# To do:
Once you reach the line containing "Stanford Cap" in the entries below, write out that line and each one after it down to the line containing "Verkauf: Villa mit", exactly and with nothing added.

# Given data:

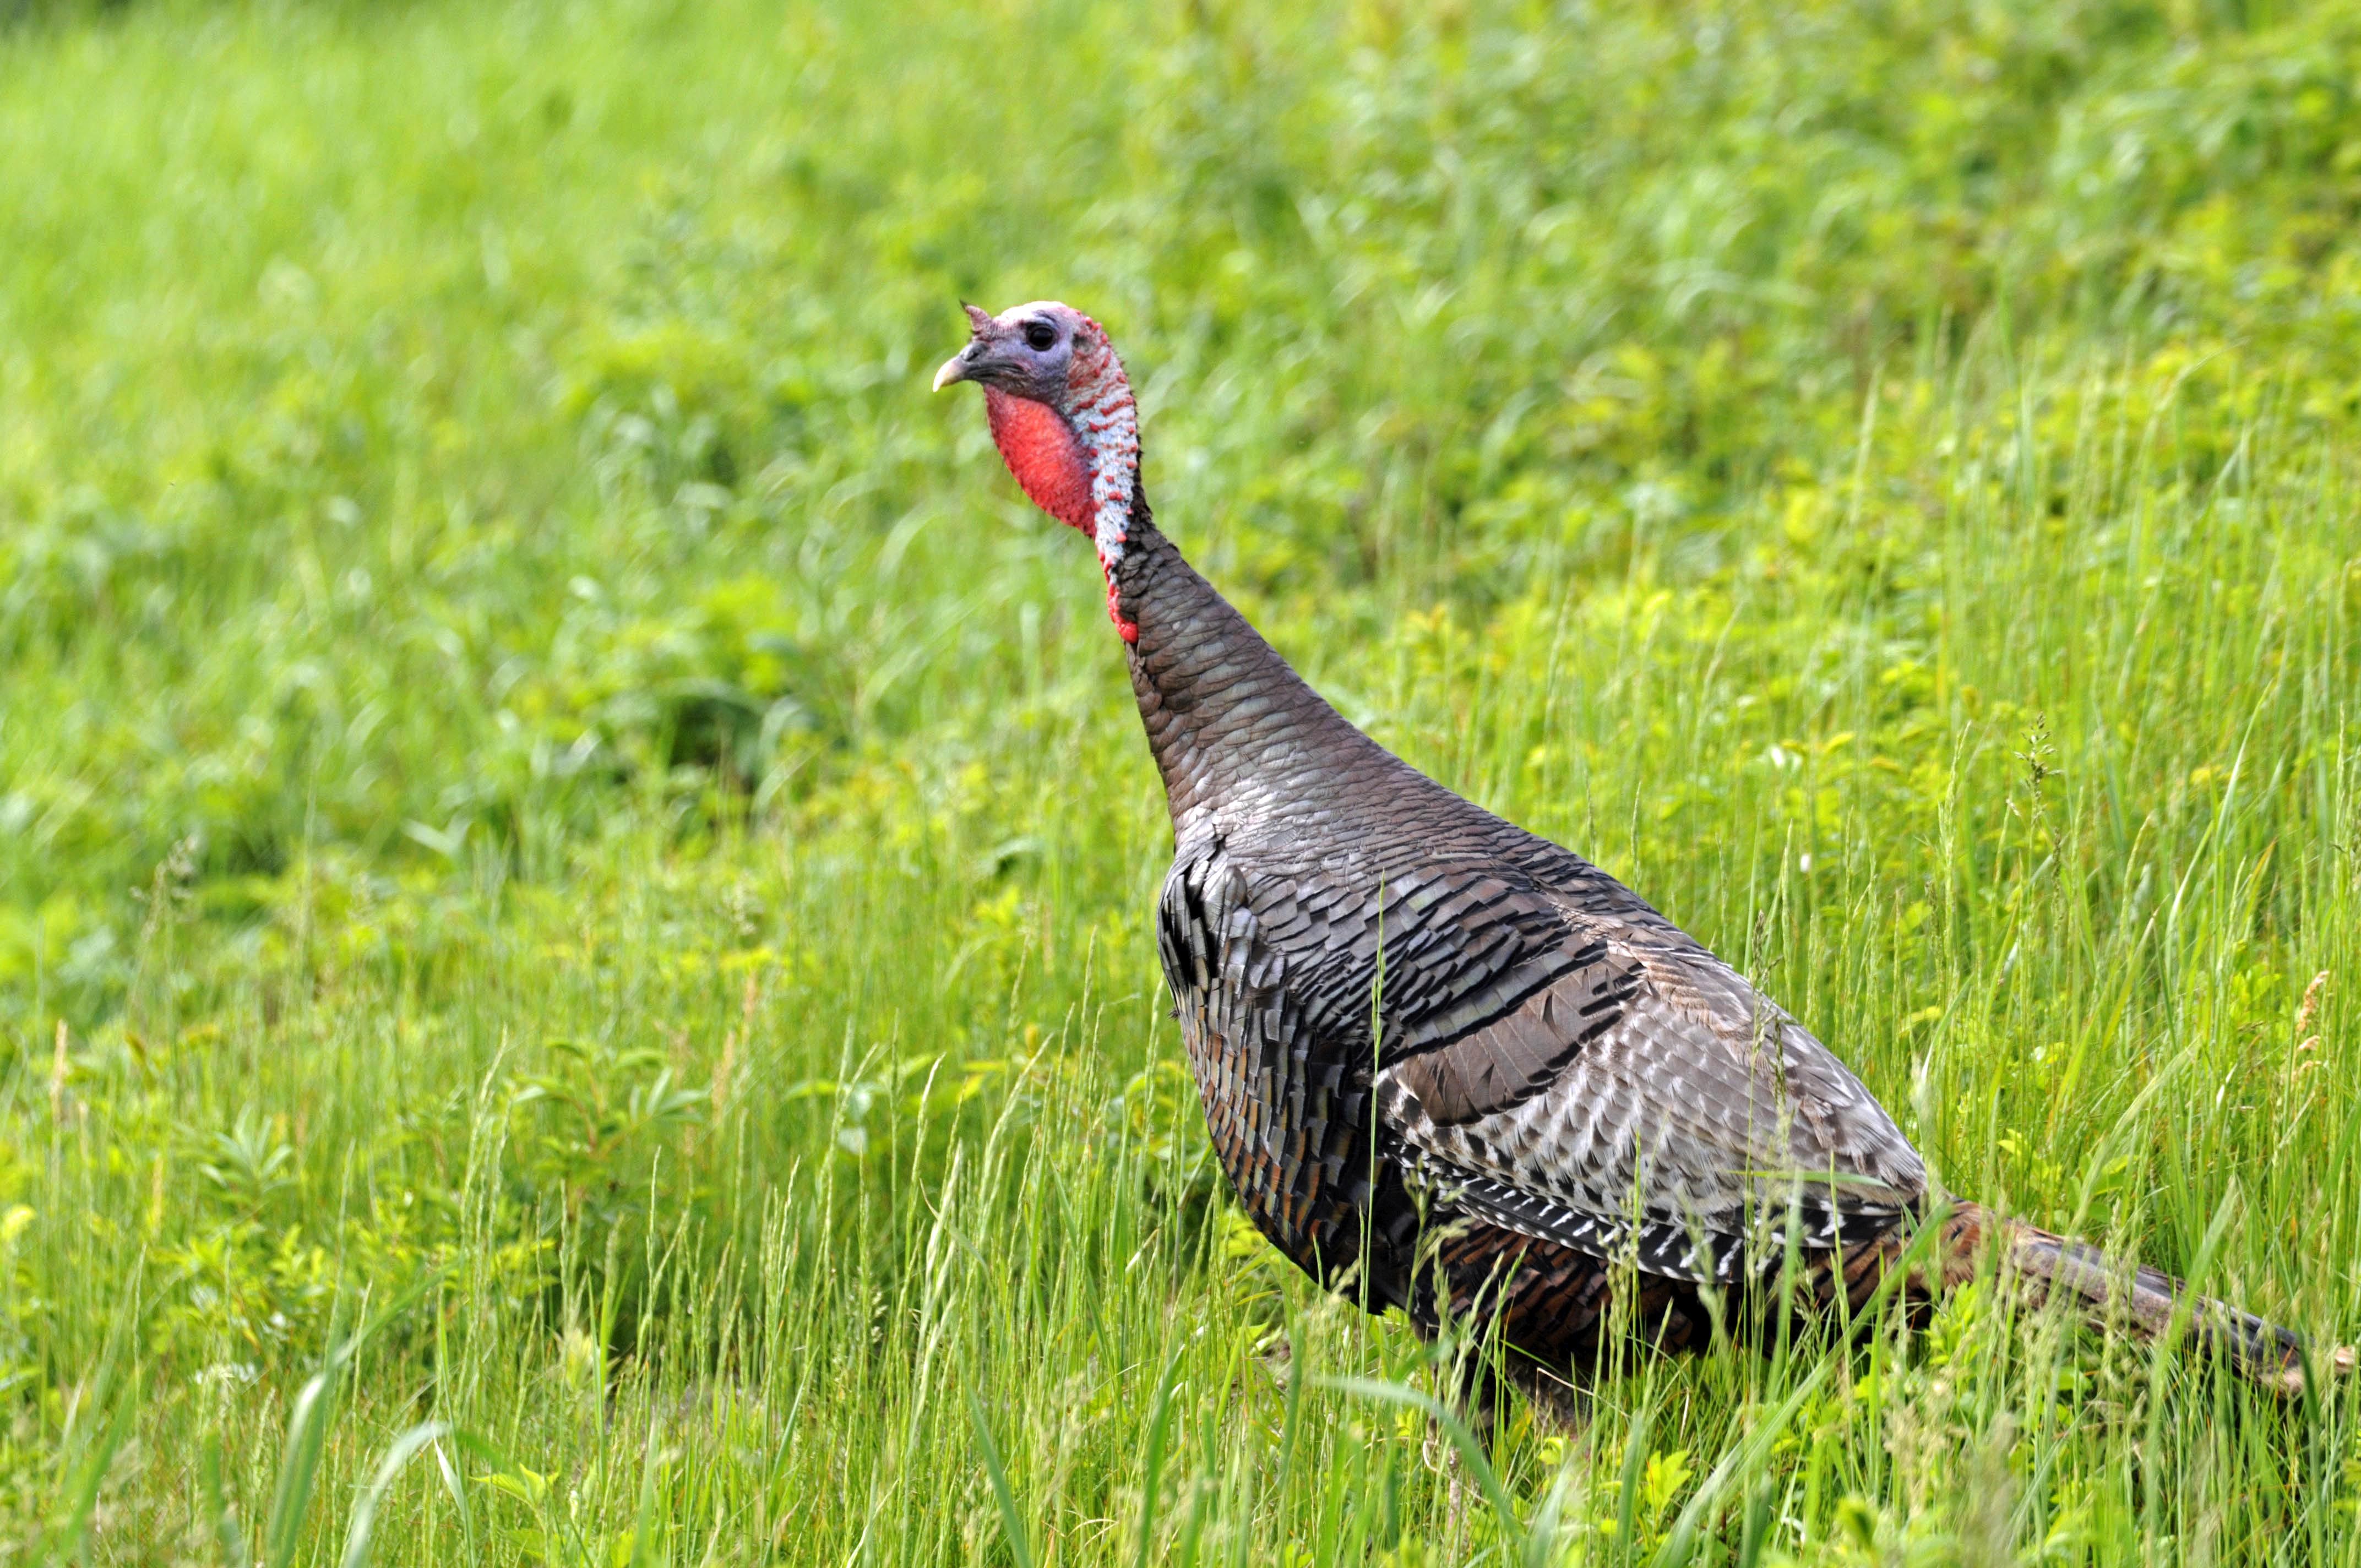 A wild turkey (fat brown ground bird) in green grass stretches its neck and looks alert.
---
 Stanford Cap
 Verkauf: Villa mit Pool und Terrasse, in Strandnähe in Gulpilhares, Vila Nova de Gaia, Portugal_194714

# Output for this exercise:
 Stanford Cap
 Verkauf: Villa mit Pool und Terrasse, in Strandnähe in Gulpilhares, Vila Nova de Gaia, Portugal_194714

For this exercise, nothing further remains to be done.